The other night, Sen. H. John Heinz III (R-Pa.), who spent $2.5 million of his fortune to get elected, wined and dined 84 wealthy Republicans at his big house on O Street in Georgetown.

The Republicans were all members of something called "the Senate Trust," one of a burgeoning series of groups both political parties have set up to raise money. They were in Washington for the day to rub shoulders with the biggest GOP names in the U.S. Senate.

The Senate Trust is not the most elite of the groups , each of which offers access to the inner circles of government - for a price. Membership in it goes for $5,000 compared with the $10,000 it costs to become a Republican "Eagle."

But the trust is one of the most successful of the fund-raising efforts. Each of the last two years its 200 members have funnelled $1 million into Republican senatorial campaigns.

"We've met with a great response. We've gotten people involved who've never been involved in politics before," says Bob Moore, staff director of the Republican Senate Campaign Committee. "They like the interplay with the senators, the chance to sit down and talk with a real live senator."

The trust, and the other groups, represent a blending of mutual needs: the politician's need for campaign money, and the donor's desire to think he or she is getting something for the money.

In effect, it is an exercise in ego massage. A half-dozen times a year, donors to the trust get a chance to tell senators what they think is wrong with government, and the senators waht they think is wrong with governement, and the senators tell the donors what they are up to.

"What we've tried to do is form a group that can communicate its ideas to the Senate," said Howard Wilkins, a Wichita, Kan., businessman, who is chairman of the group. "I can't think of anything confidential any of us has learned out of this. "We're just keeping current. Our people put a premium on being current."

There is nothing particularly new about using access to government big shots or insider information to raise money. Political money men have been doing both legally and illegally for years.

The Democratic National Committee, for example, has what it calls a National Finance Council with a $5,000 admission. It offers quarterly meetings with administration heavyweights like presidential assistant Hamilton Jordan and Health, Education and Welfare Secretary Joseph A. Califano Jr. These are usually coupled with a reception at the White House with President Carter.

Democrats also have a President's Council which one enters after buying a $1,000 ticket to any fund-raising dinner featuring Jimmy Carter. Its smaller donors join something called "The President's Club," which entitles them to little more than the receipt of more fund-raising pleas. And when the president hosted a dinner party celebrating the Mideast treaty signing House solicited $1,000 donations from corporations that wanted to be represented at the historic event.

Republicans have their own series of groups. The elite of the elite is the GOP National Committee's 121-member Eagles Club with its $10,000 admission. It also has organizations called the Presidential Fund and Victory 1980.

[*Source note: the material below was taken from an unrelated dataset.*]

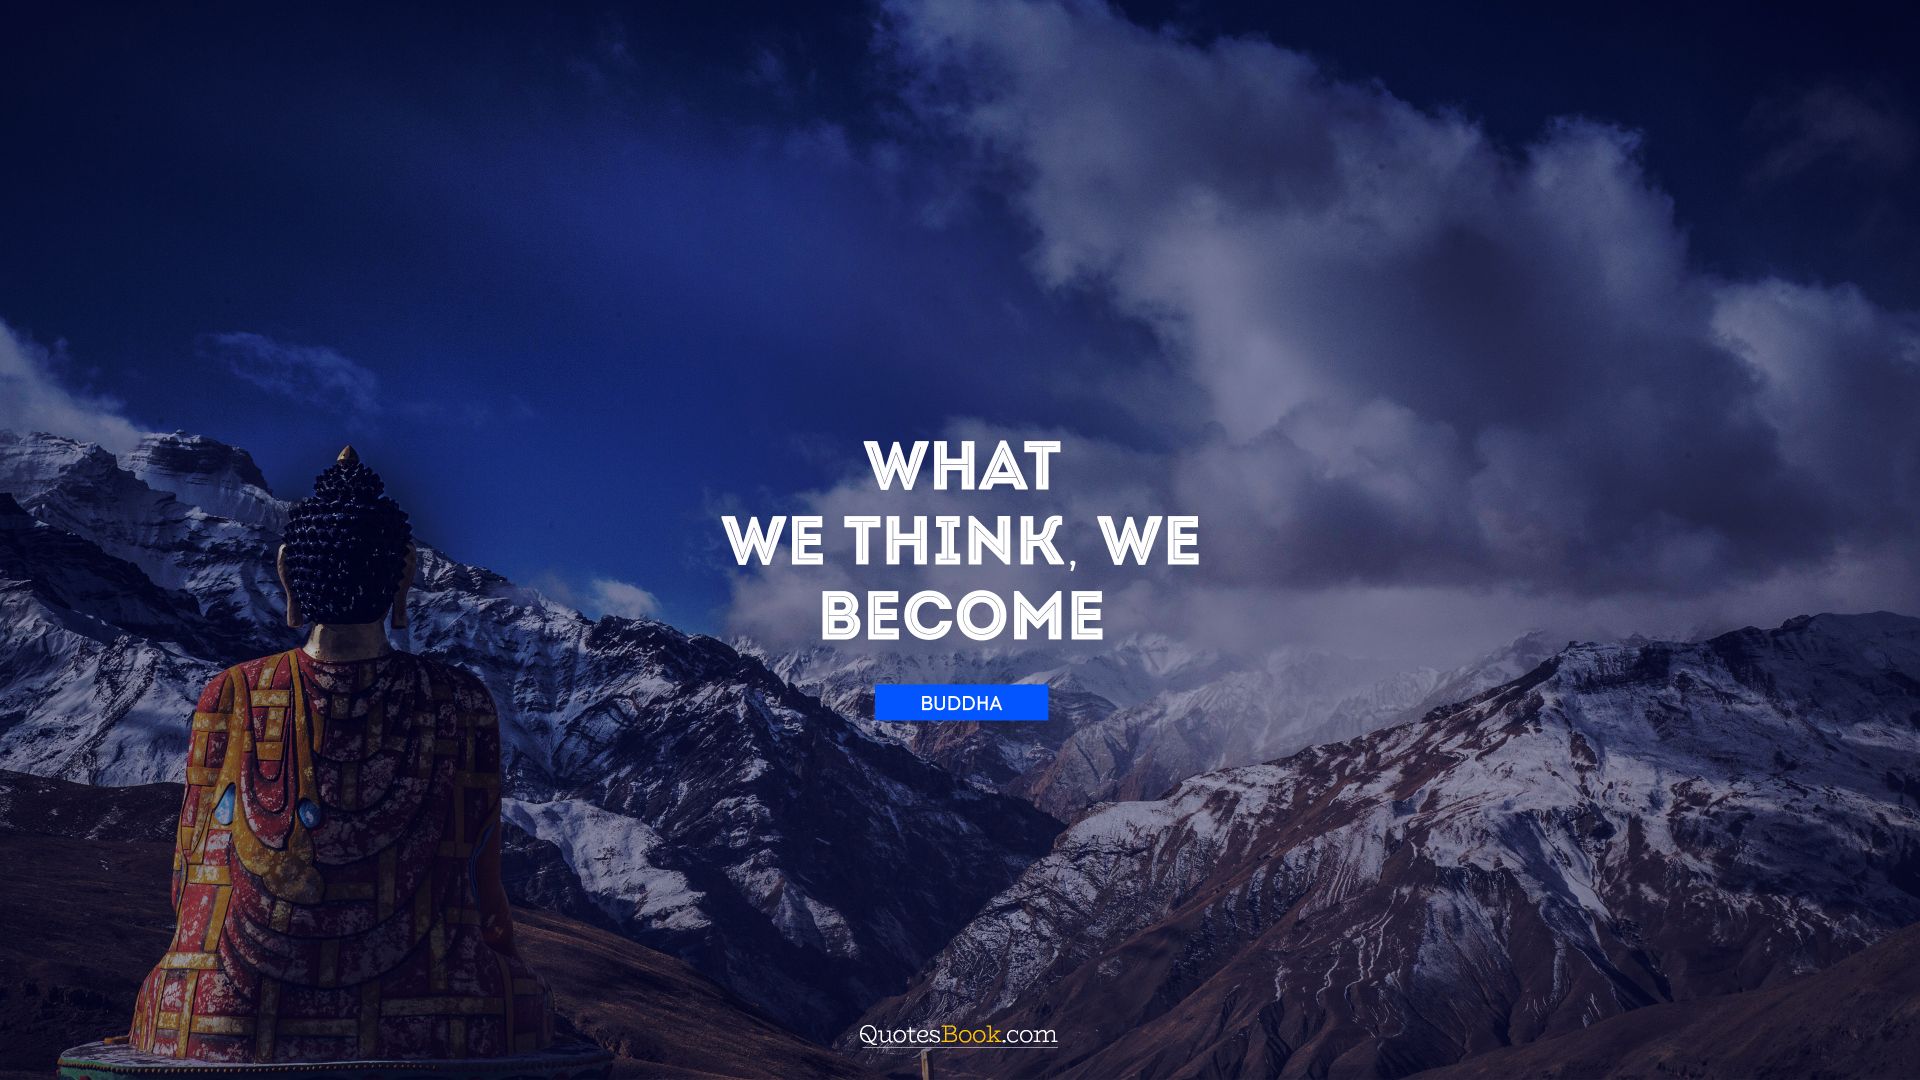 What we think, we become. - Quote by Buddha

A $1,000 contributor to the Presidential Fund becomes an "Elector" and gets a monthly newsletter and the telephone number to a special long-distance line to GOP chairman William Brock's office. For $500, a donor becomes a "Guardian" for $50, a "Patron," for $25 a "Sponsor," and for $15, simply a "Donor."

Victory 1980, as one might expect, has its own set of titles. A $2,500 donor to it becomes a "Victor", a $500 donor a "Challenger" and a $1,000 one an "Associate."

None of the groups, however, has quite the fine-tuned mechanism as the Senate Trust, with guarantees that all the money donated will go directly into Senate campaigns rather than overhead.

It also offers a greater degree of access to the party's congressional power center than any other group.

By the time trust members went to Heinz's house for dinner and cocktails last week, for example, they had spent more than a half-day in "for members only" briefings on Capitol Hill.

Senate Minority Leader Howard H. Baker Jr. (R-Tenn.) gave them an overview of what was going on in the Senate. Sen. Jacob Javits (R-N.Y.) talked to them about Mideast affairs, Sen. Henry Bellmon (R-Okla). about the federal budget, Sen. Mark O. Hatfield (R-Ore.) about energy policy and Sen. John Tower (R.Tex.) about the strategic arms limitation treaty.

In part, the groups, along with sophisticated direct mail operations both parties have developed, are a result of the campaign finance reforms of the 1970s which limit individual donations to $1,000 per campaign.

"Standard fund-raising has changed drastically in the last few years," says Wilkins of the Senate Trust. "A candidate can no longer depend on a handful of old time big givers to finance his campaign. He has tobroaden his base and identify new sources of money."

Republicans have been far more successful than Democrats in this effort. The Republican Senate Campaign Committee, for example, outraised its Democratic counterpart almost 7 to 1 last year, funneling $3.3 million into Senate campaigns.

Democrats attribute this to the Republican Party being the party of the wealthy. Wilkins attributes it to and "underdog" feeling. With Democrats outnumbering Republican 59 to 41 in the Senate, "We can't afford to have this imbalance go on much longer," he said. "It's something we can rally behind. We try harder because we have to."